**Supplied material**

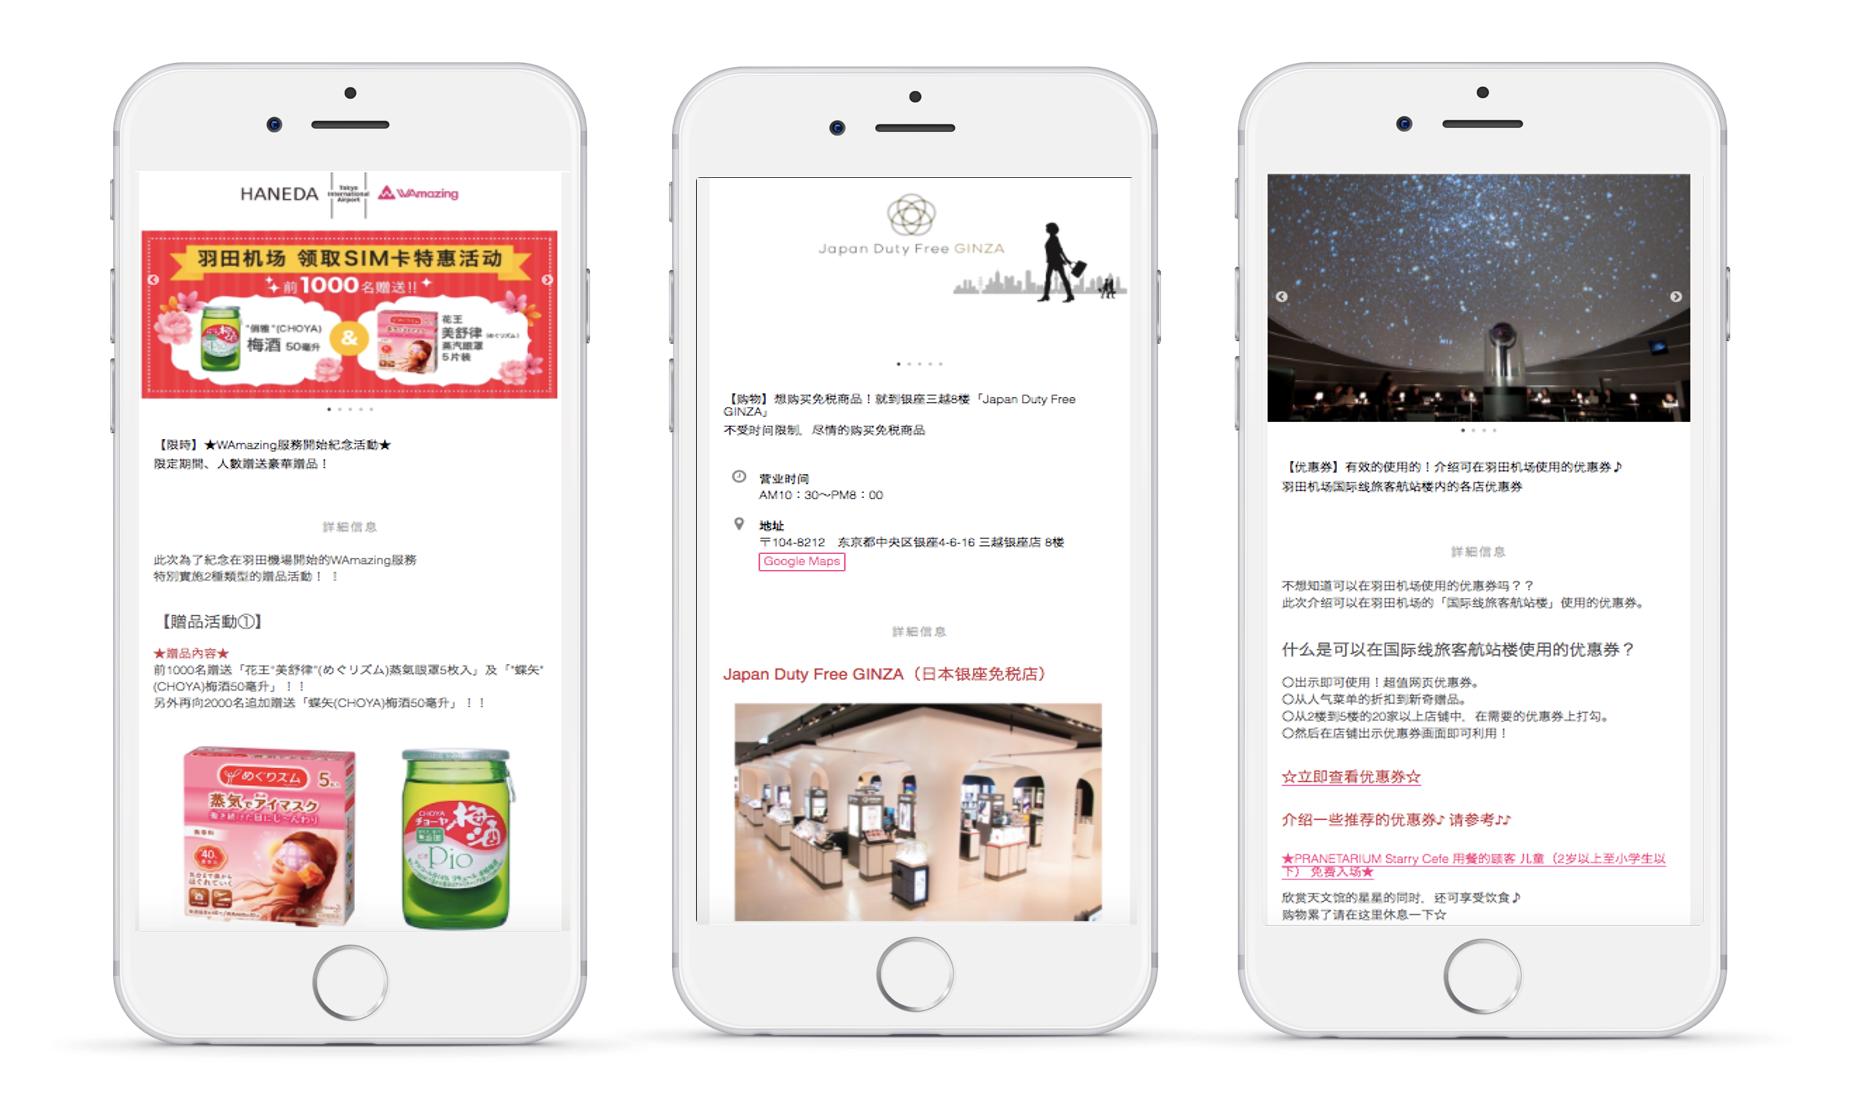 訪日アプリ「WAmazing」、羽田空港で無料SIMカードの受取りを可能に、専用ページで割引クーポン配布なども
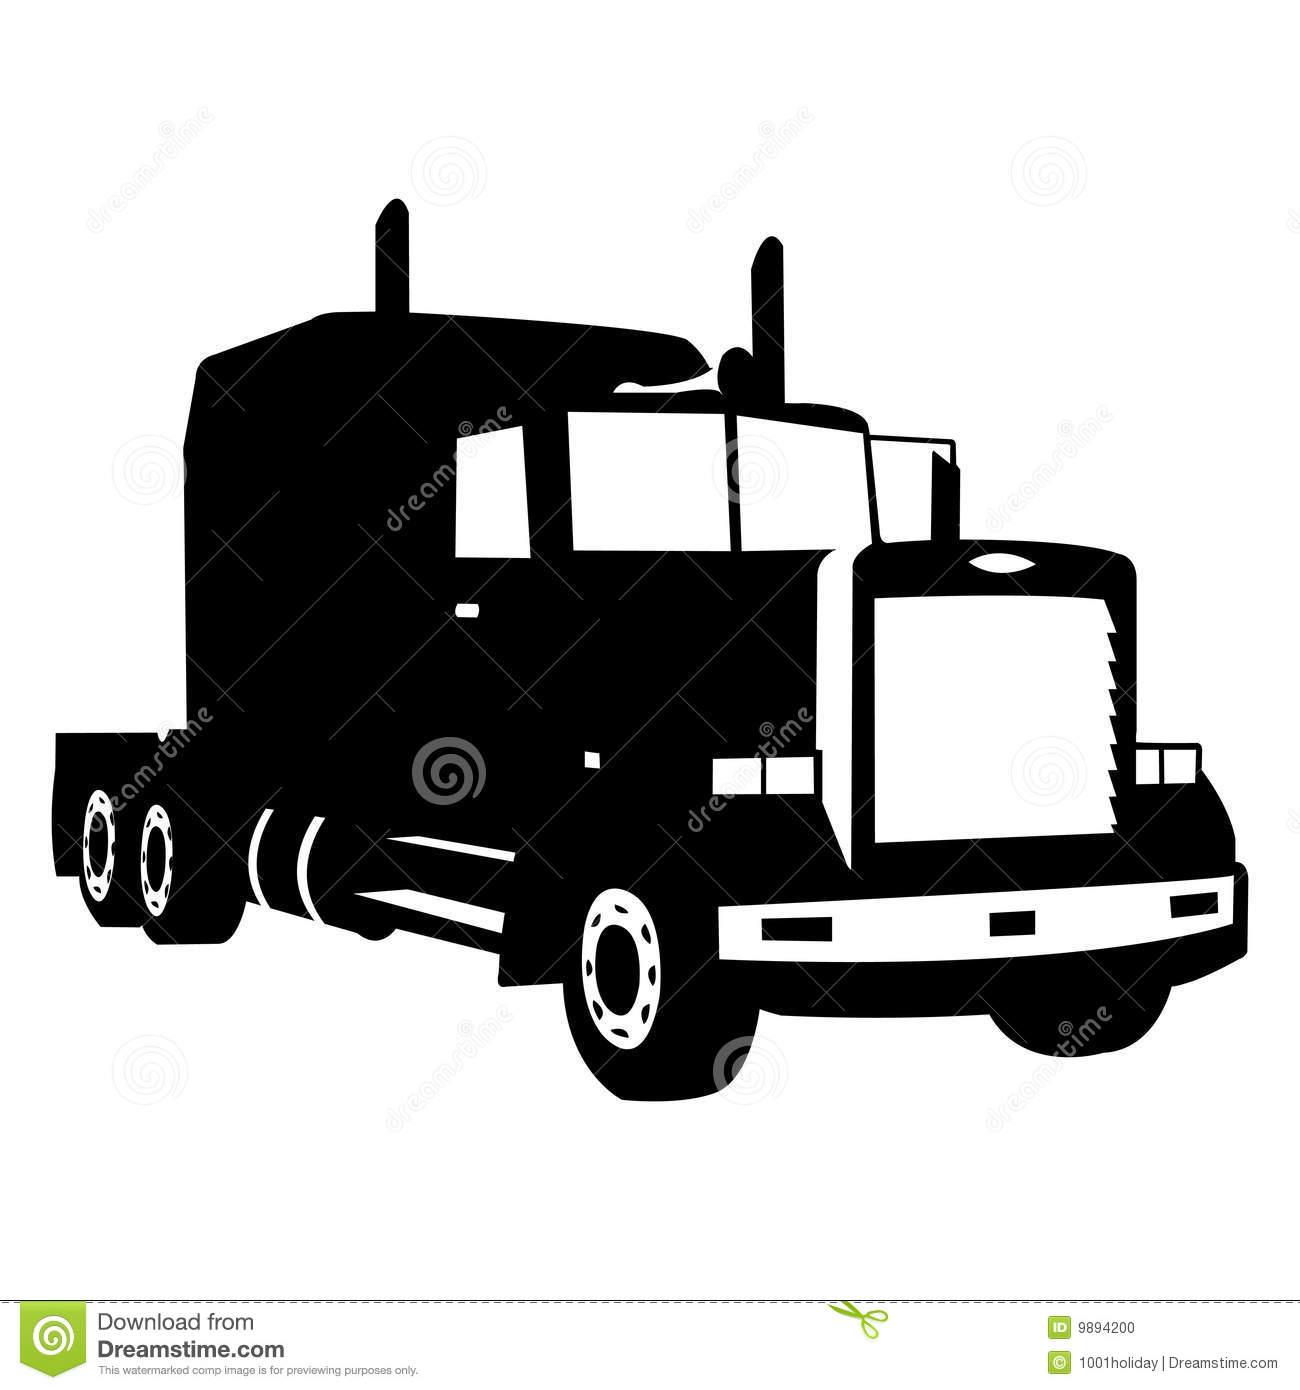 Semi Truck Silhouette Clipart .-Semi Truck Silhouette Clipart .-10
--
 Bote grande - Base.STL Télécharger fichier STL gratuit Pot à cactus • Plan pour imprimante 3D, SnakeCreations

**About this exercise**
Look above and copy only the lines from the one holding "訪日アプリ「WAmazing" to the one holding "Semi Truck Silhouette Clipart .-Semi", both included, exactly, minus the pictures.

**Answer for the task**
 訪日アプリ「WAmazing」、羽田空港で無料SIMカードの受取りを可能に、専用ページで割引クーポン配布なども
 Semi Truck Silhouette Clipart .-Semi Truck Silhouette Clipart .-10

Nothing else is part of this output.